Committed r228261: <https://trac.webkit.org/changeset/228261>
Reverted r228261 for reason: This broke an internal build Committed r228282: <https://trac.webkit.org/changeset/228282>
(In reply to Matt Lewis from comment #32) > Reverted r228261 for reason: > > This broke an internal build > > Committed r228282: <https://trac.webkit.org/changeset/228282> Can you provide more info about what broke ? logs, etc
(In reply to Matt Lewis from comment #32) > Reverted r228261 for reason: > > This broke an internal build > > Committed r228282: <https://trac.webkit.org/changeset/228282> How am I supposed to deal with your internal builds?
(In reply to Carlos Alberto Lopez Perez from comment #33) > (In reply to Matt Lewis from comment #32) > > Reverted r228261 for reason: > > > > This broke an internal build > > > > Committed r228282: <https://trac.webkit.org/changeset/228282> > > Can you provide more info about what broke ? logs, etc Sorry for the delay — the original revision (r228261) caused an internal builder to start failing in PublicSuffixMac.mm because it could not find decodeHostName. This appears to be declared in WebCoreNSURLExtras.h, but the line where we #import "WebCoreNSURLExtras.h" was removed from PublicSuffixMac.mm in the original patch. I can take a closer look tomorrow, but hopefully this helps a bit!
(In reply to Wenson Hsieh from comment #35) > (In reply to Carlos Alberto Lopez Perez from comment #33) > > (In reply to Matt Lewis from comment #32) > > > Reverted r228261 for reason: > > > > > > This broke an internal build > > > > > > Committed r228282: <https://trac.webkit.org/changeset/228282> > > > > Can you provide more info about what broke ? logs, etc > > Sorry for the delay — the original revision (r228261) caused an internal > builder to start failing in PublicSuffixMac.mm because it could not find > decodeHostName. This appears to be declared in WebCoreNSURLExtras.h, but the > line where we #import "WebCoreNSURLExtras.h" was removed from > PublicSuffixMac.mm in the original patch. > > I can take a closer look tomorrow, but hopefully this helps a bit!
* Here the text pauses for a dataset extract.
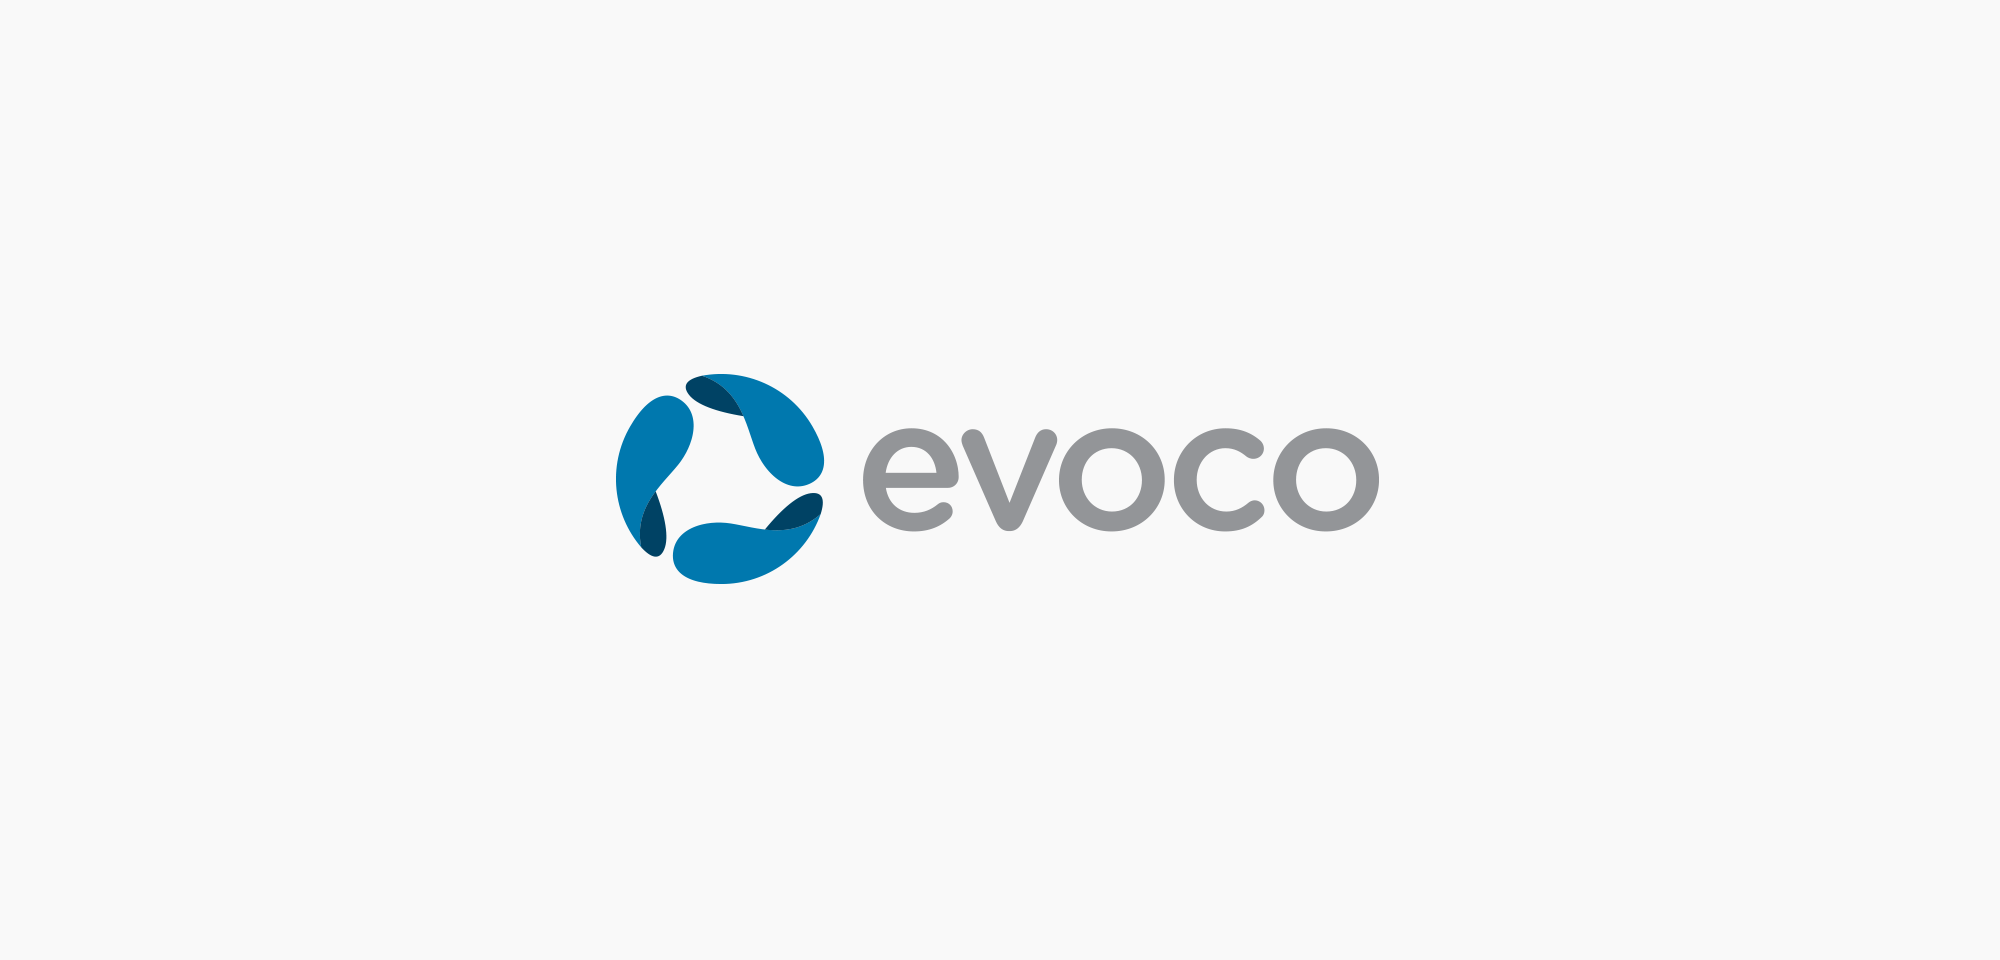 evoco_logo2
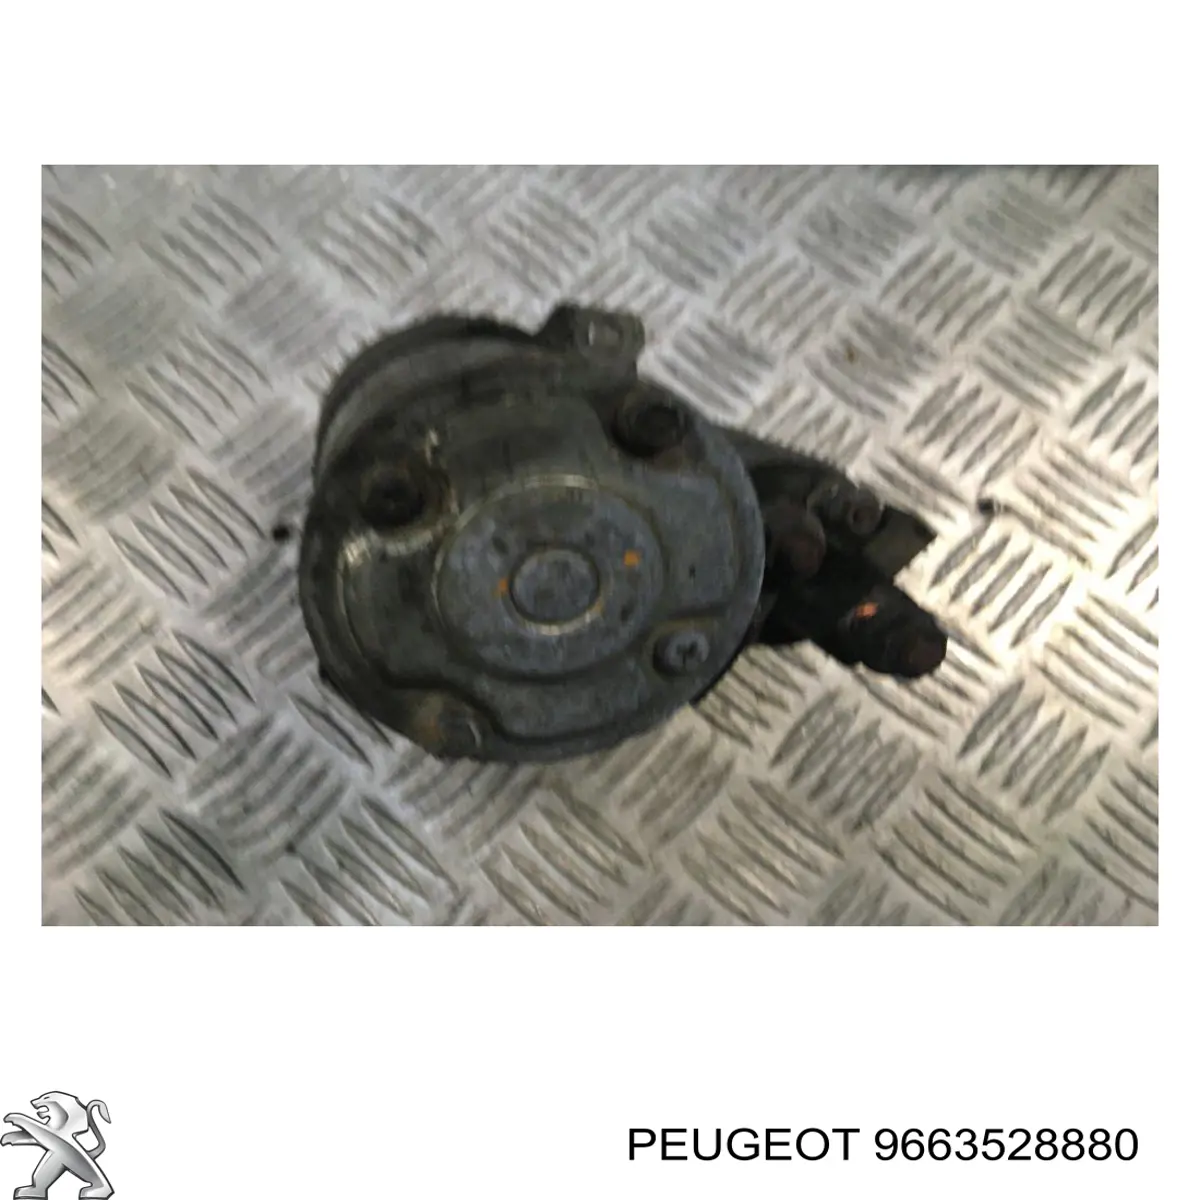 9663528880 Peugeot/Citroen motor de arranque

Thanks for the details. It seems to me that simply adding the missing include to fix the internal build is less effort than rolling out the two patches again, but still, I'll submit a new patch with the missing include.
Created attachment 333477 [details] Patch for landing
Comment on attachment 333477 [details] Patch for landing Let's try again.
Comment on attachment 333477 [details] Patch for landing Clearing flags on attachment: 333477 Committed r228323: <https://trac.webkit.org/changeset/228323>
All reviewed patches have been landed. Closing bug.